→ **HOW TO COMPLETE THIS TASK**: What is needed is an exact copy of the lines from the line holding "ADTV Tanzschule Balance" through the end of the material, with no other lines and no pictures.

→ **DATA BLOCK**:
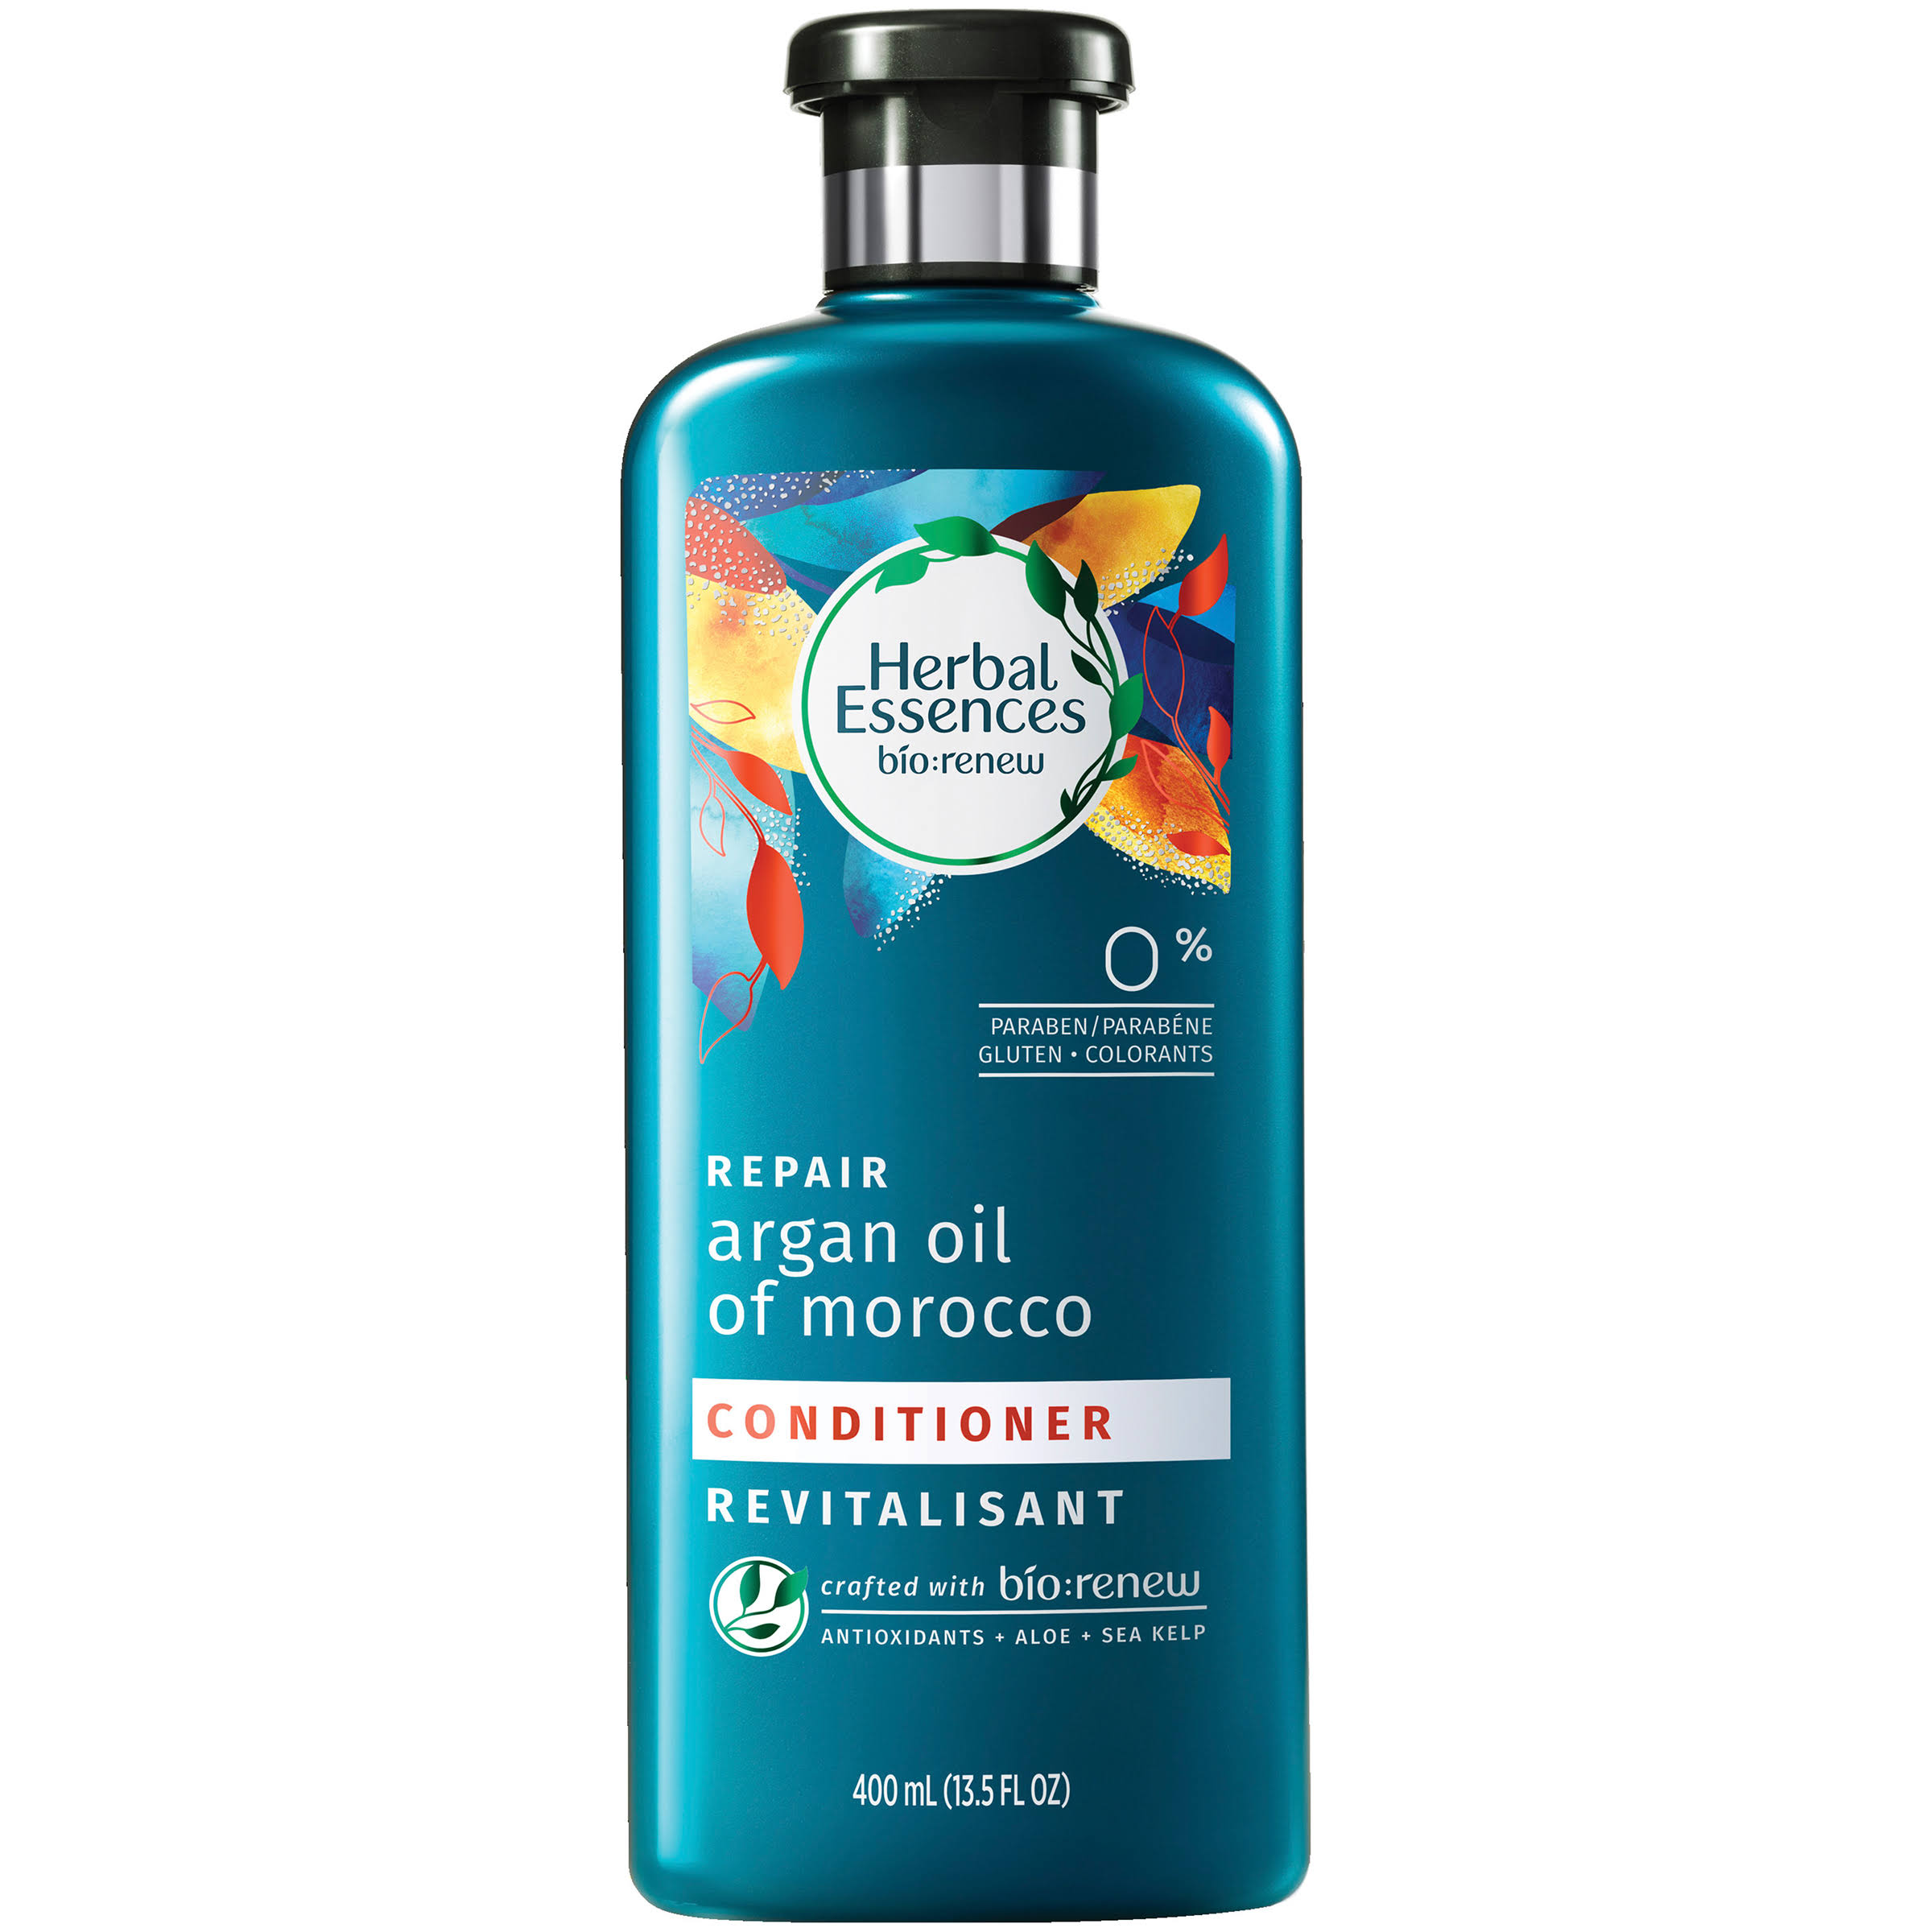 Herbal Essences Argan Oil of Morocco Conditioner - 13.5oz
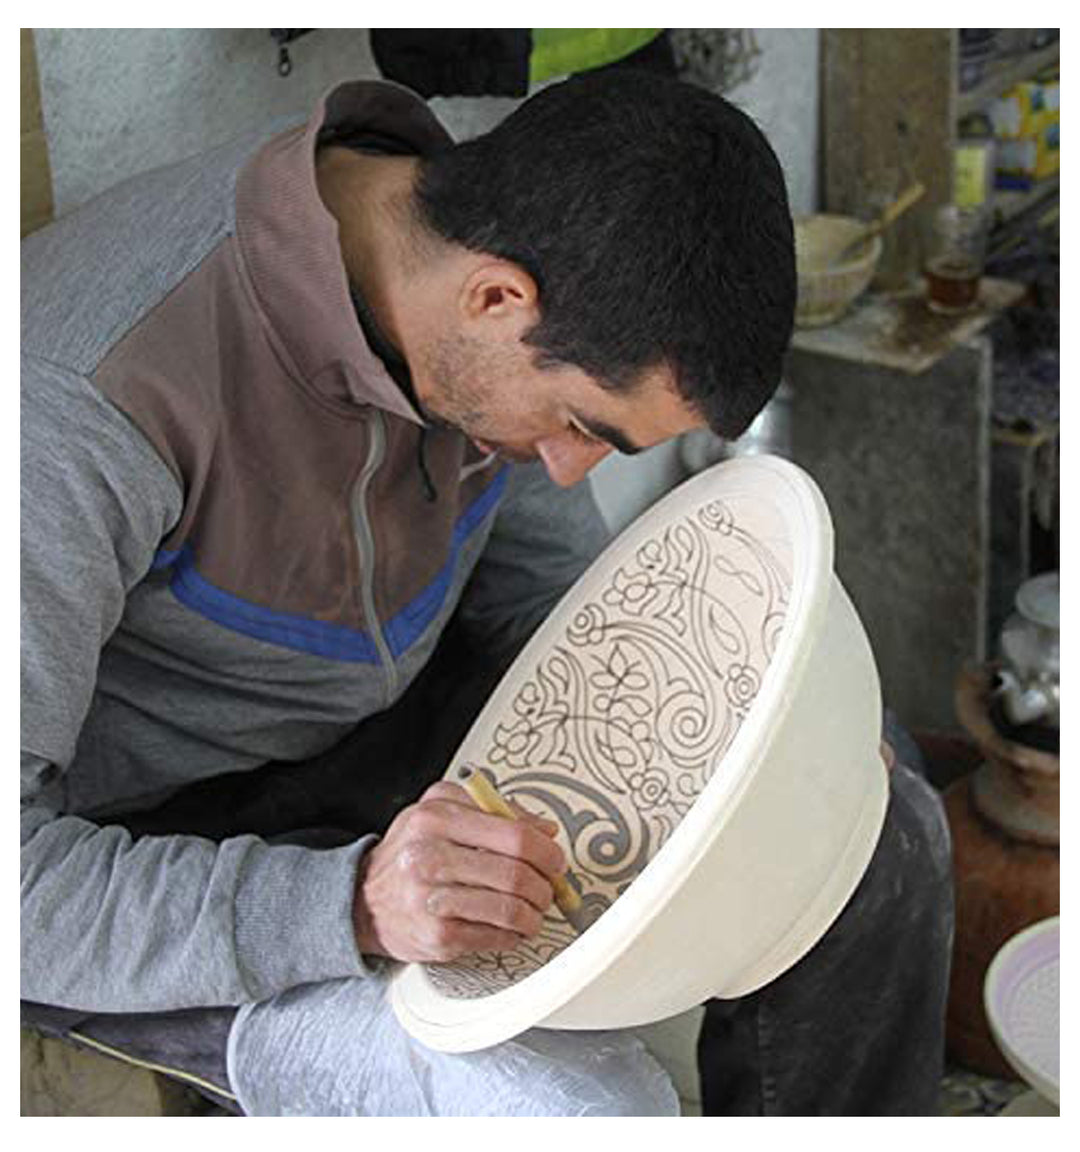 Orientalisches-Handbemaltes-Keramik-Waschbecken Fes44
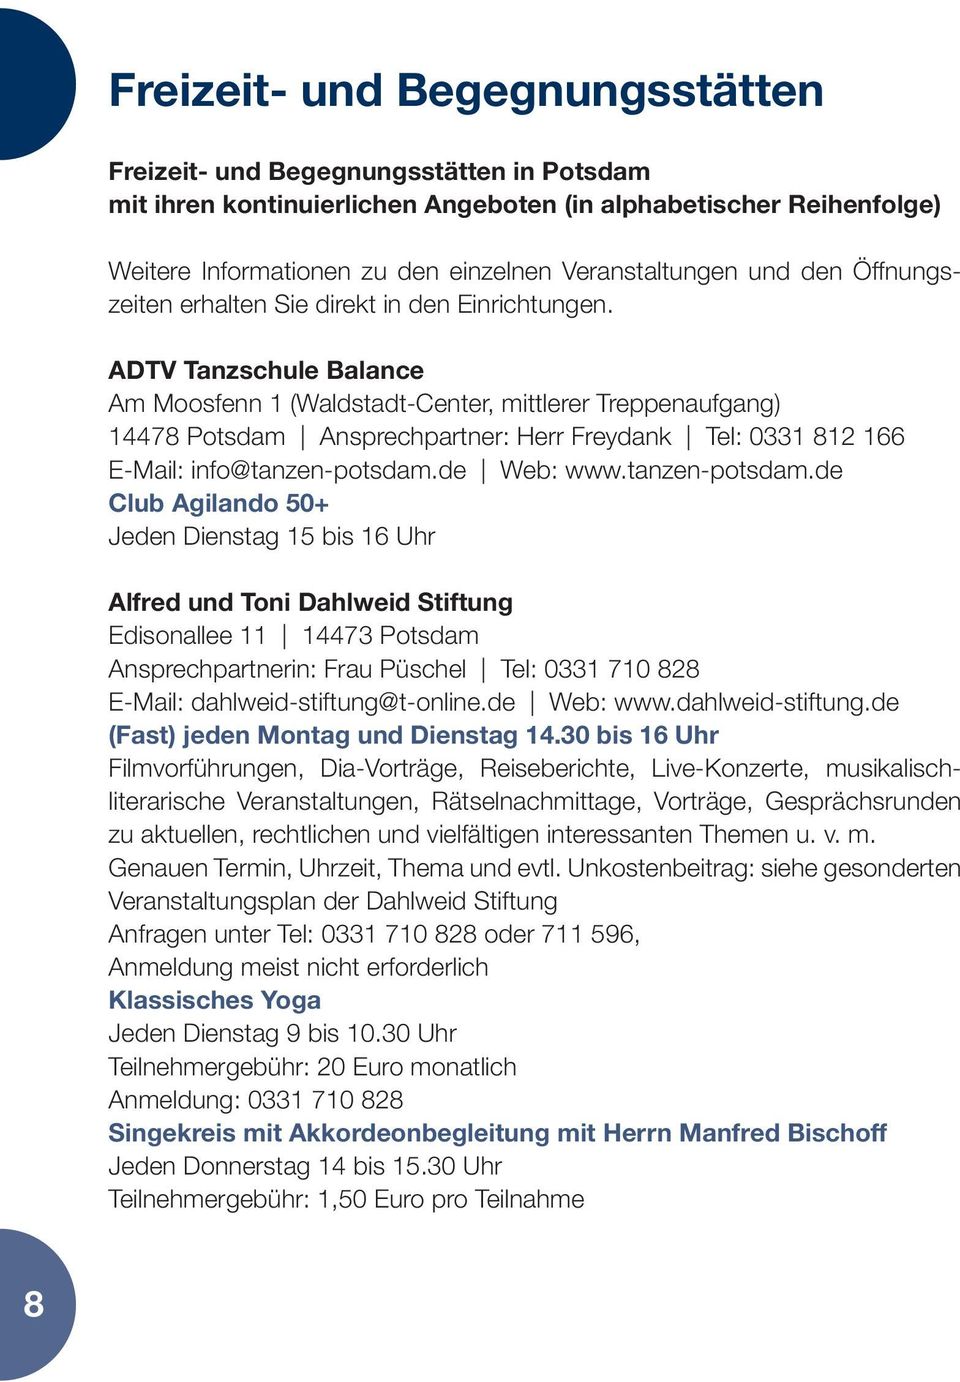 ADTV Tanzschule Balance Am Moosfenn 1 (Waldstadt-Center, mittlerer Treppenaufgang) 14478 Potsdam Ansprechpartner: Herr Freydank Tel: 0331 812 166 E-Mail: info@tanzen-potsdam.de Web: www.
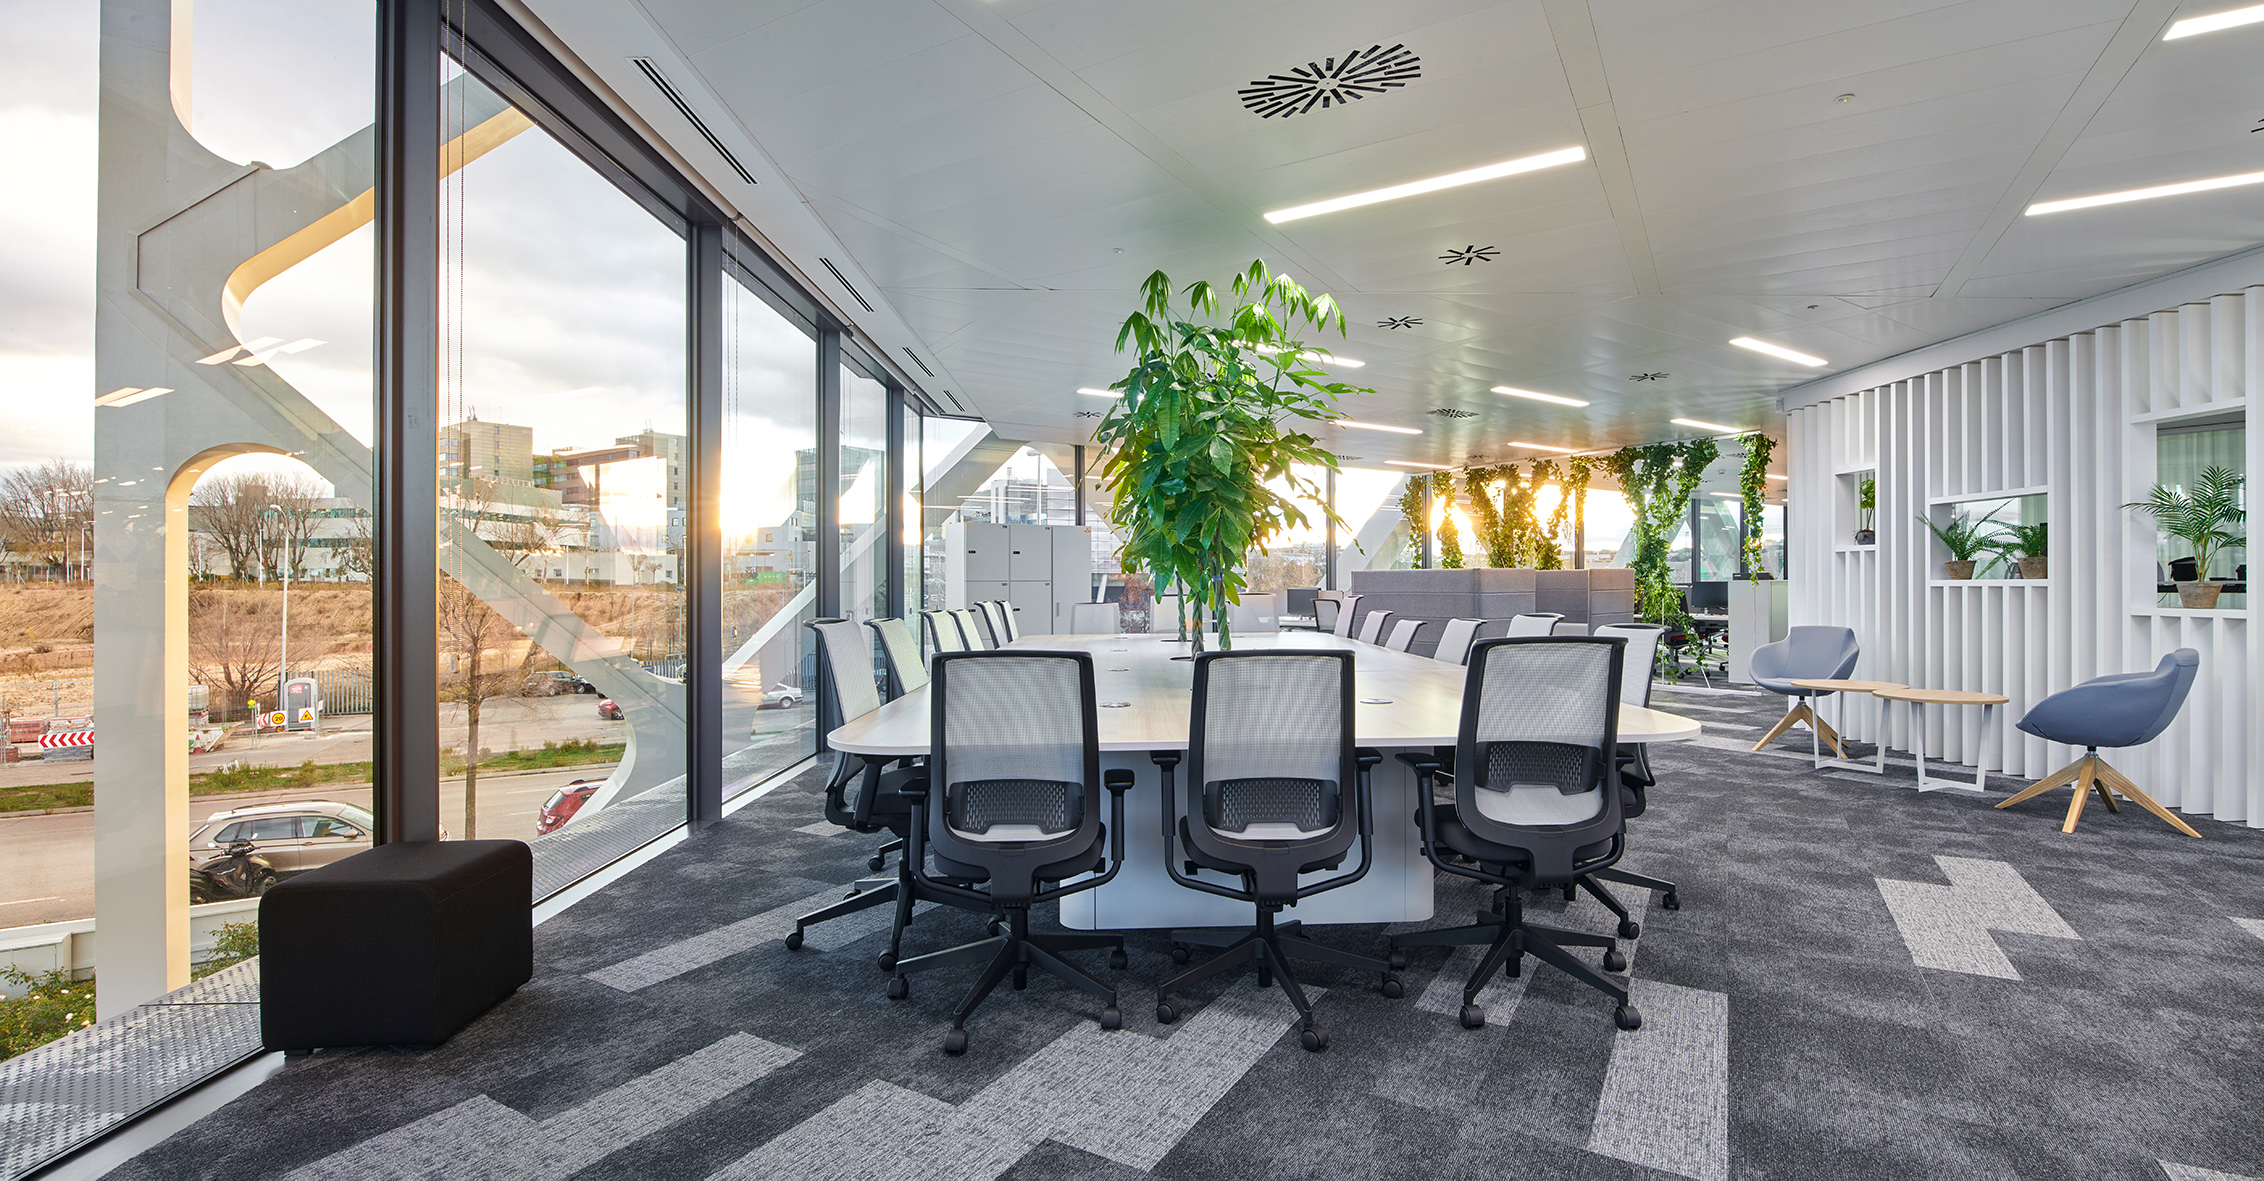 O uso de luz natural ao invés de iluminação artificial brilhante torna o escritório da Lenovo em Madrid, Espanha, mais confortável para todos

→ **ANSWER SECTION**:
 ADTV Tanzschule Balance Am Moosfenn 1 (Waldstadt-Center, mittlerer Treppenaufgang) 14478 Potsdam Ansprechpartner: Herr Freydank Tel: 0331 812 166 E-Mail: info@tanzen-potsdam.de Web: www.
 O uso de luz natural ao invés de iluminação artificial brilhante torna o escritório da Lenovo em Madrid, Espanha, mais confortável para todos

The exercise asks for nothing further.